(sorry for breaking the Cc: earlier, I used the opensolaris-arc forum,  
which apparently is missing some functionality)

On Feb 12, 2009 5:23pm, George Vasick <George.Vasick at sun.com> wrote:

> No, they are all part of the same binutils package. Gnu tools can be  
configured to support cross development in addition to native development.  
The machine/architecture dependent paths are provided to allow tools for  
multiple target systems to coexist on a single host system.

Note that Debian provides a Z80 cross-linker which is doing fine without  
the /usr/$target directory.
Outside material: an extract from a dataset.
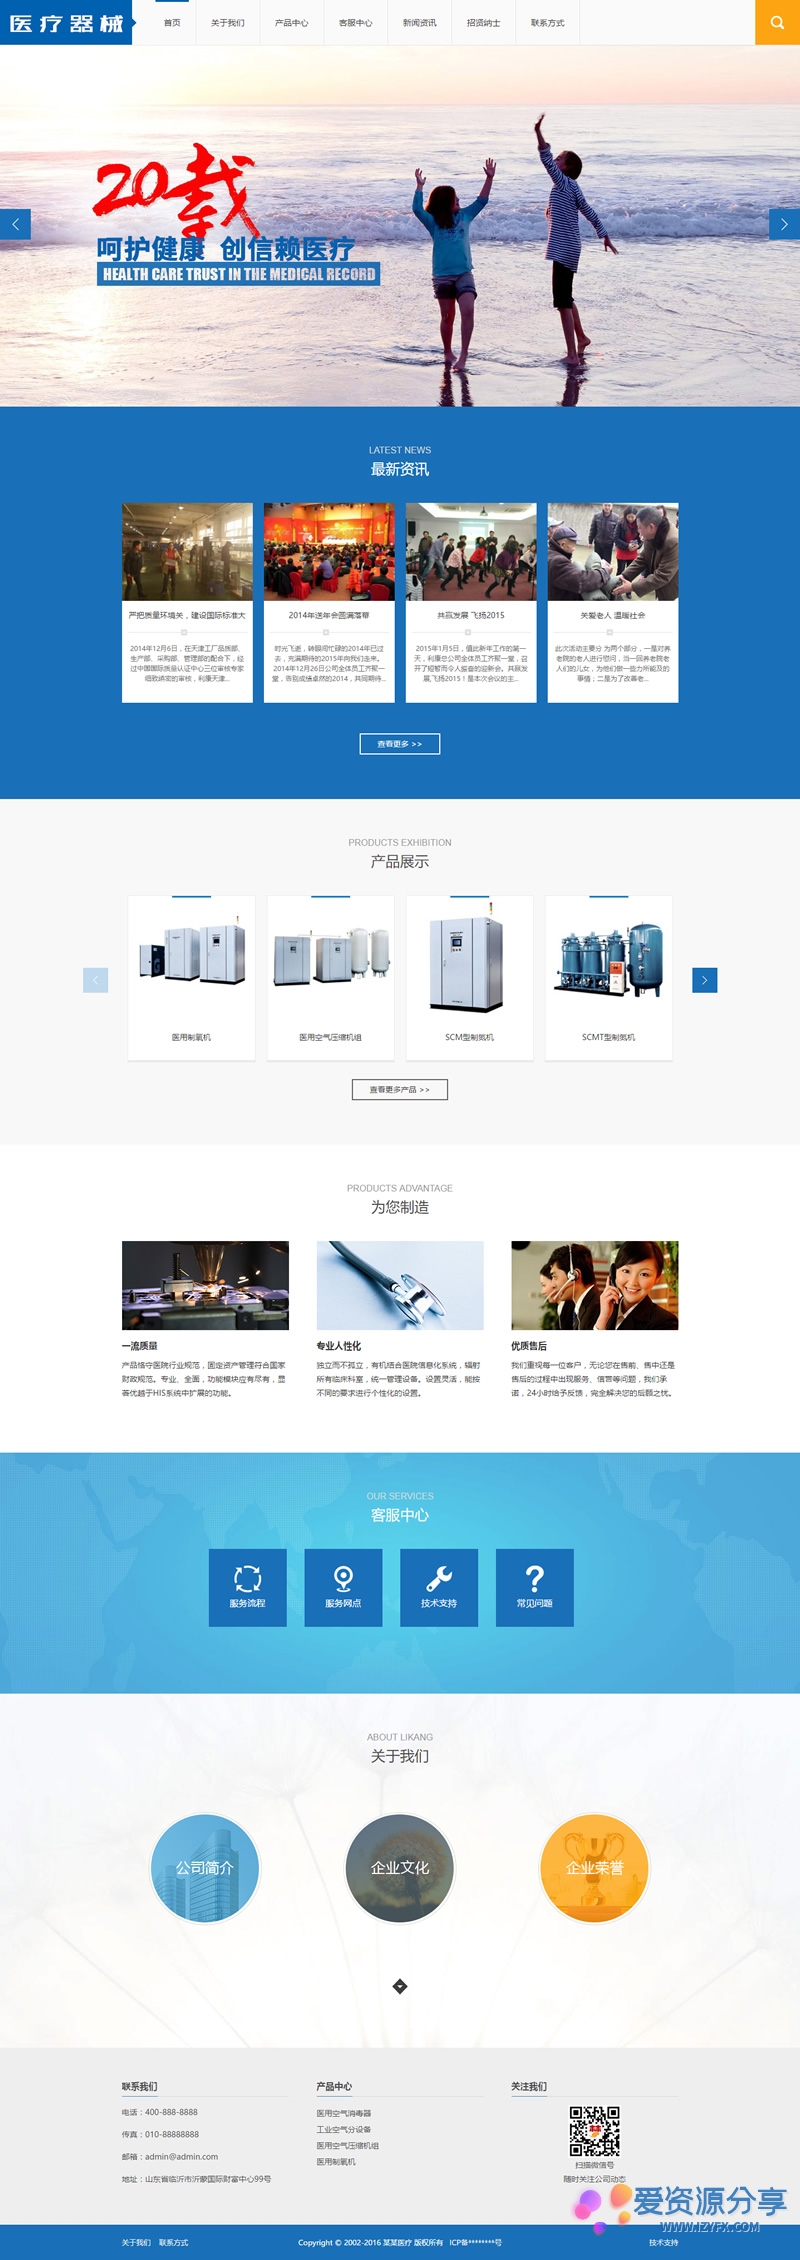 【dedecms】蓝色大气美化UI医疗器械设备生产企业织梦网站模板-爱资源分享

But that does not matter.

> usr/gnu/i386-pc-solaris2.11

Project private I guess.

> usr/gnu/i386-pc-solaris2.11/bin

As long as this path is private, it does not do any harm, so ok.

> usr/gnu/i386-pc-solaris2.11/lib/ldscripts

Yes, I think I prefer this. If gnu programs want /$target, /libexec etc  
directories, it makes sense to let them do it in /usr/gnu (and be more  
strict for /usr).

> usr/gnu/include/ansidecl.h
> usr/gnu/include/bfd.h
> usr/gnu/include/bfdlink.h
> usr/gnu/include/dis-asm.h
> usr/gnu/include/symcat.h

Hmm, I just noticed this, does it make sense to ship the headers when you  
are not shipping the corresponding libraries? ansidecl.h is just macros,  
but some others declare functions (they might still have some use without  
the libs though, I don't know). In any case, I think /usr/include was a  
better location for them.

By the way, I guess with this change you'll end up with  
/usr/gnu/(share/)man/man1/ld.1, so you'll need links from  
/usr/share/man/man1/gld.1.

Good luck with this gcc update project, which I am very happy to see.